== Task requirements ==
Give again, word for word, every line below from the one that has "53a07a5279d618 Merrell White" through the one that has "Brass Floor Lamp", both included, and no others.

== Provided records ==
● ● ● ● ●

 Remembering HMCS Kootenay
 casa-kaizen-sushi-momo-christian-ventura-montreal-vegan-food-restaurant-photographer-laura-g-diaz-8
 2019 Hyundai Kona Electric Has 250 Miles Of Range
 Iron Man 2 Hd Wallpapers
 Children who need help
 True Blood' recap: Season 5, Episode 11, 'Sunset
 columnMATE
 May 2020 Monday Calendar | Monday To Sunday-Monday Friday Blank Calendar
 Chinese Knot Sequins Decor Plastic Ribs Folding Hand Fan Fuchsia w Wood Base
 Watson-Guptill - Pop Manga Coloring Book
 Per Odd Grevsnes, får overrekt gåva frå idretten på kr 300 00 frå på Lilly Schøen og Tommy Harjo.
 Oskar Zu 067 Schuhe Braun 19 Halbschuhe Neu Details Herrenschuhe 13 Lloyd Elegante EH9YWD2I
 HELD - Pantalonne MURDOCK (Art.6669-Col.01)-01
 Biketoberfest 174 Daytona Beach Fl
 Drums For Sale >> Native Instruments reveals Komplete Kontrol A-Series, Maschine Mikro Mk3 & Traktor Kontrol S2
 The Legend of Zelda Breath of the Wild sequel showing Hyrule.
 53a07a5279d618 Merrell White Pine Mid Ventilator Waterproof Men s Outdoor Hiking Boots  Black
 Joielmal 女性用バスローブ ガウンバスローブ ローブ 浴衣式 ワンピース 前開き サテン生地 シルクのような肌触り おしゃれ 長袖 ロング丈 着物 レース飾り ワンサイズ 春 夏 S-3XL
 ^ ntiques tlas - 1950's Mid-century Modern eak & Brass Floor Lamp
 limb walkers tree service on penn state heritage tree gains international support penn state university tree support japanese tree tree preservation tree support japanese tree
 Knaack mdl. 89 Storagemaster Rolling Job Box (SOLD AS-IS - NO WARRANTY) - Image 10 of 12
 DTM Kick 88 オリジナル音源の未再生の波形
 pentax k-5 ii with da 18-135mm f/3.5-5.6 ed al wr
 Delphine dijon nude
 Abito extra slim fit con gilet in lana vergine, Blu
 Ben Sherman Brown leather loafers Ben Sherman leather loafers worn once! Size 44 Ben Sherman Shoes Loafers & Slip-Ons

● ● ● ● ●

== Result of the exercise ==
 53a07a5279d618 Merrell White Pine Mid Ventilator Waterproof Men s Outdoor Hiking Boots  Black
 Joielmal 女性用バスローブ ガウンバスローブ ローブ 浴衣式 ワンピース 前開き サテン生地 シルクのような肌触り おしゃれ 長袖 ロング丈 着物 レース飾り ワンサイズ 春 夏 S-3XL
 ^ ntiques tlas - 1950's Mid-century Modern eak & Brass Floor Lamp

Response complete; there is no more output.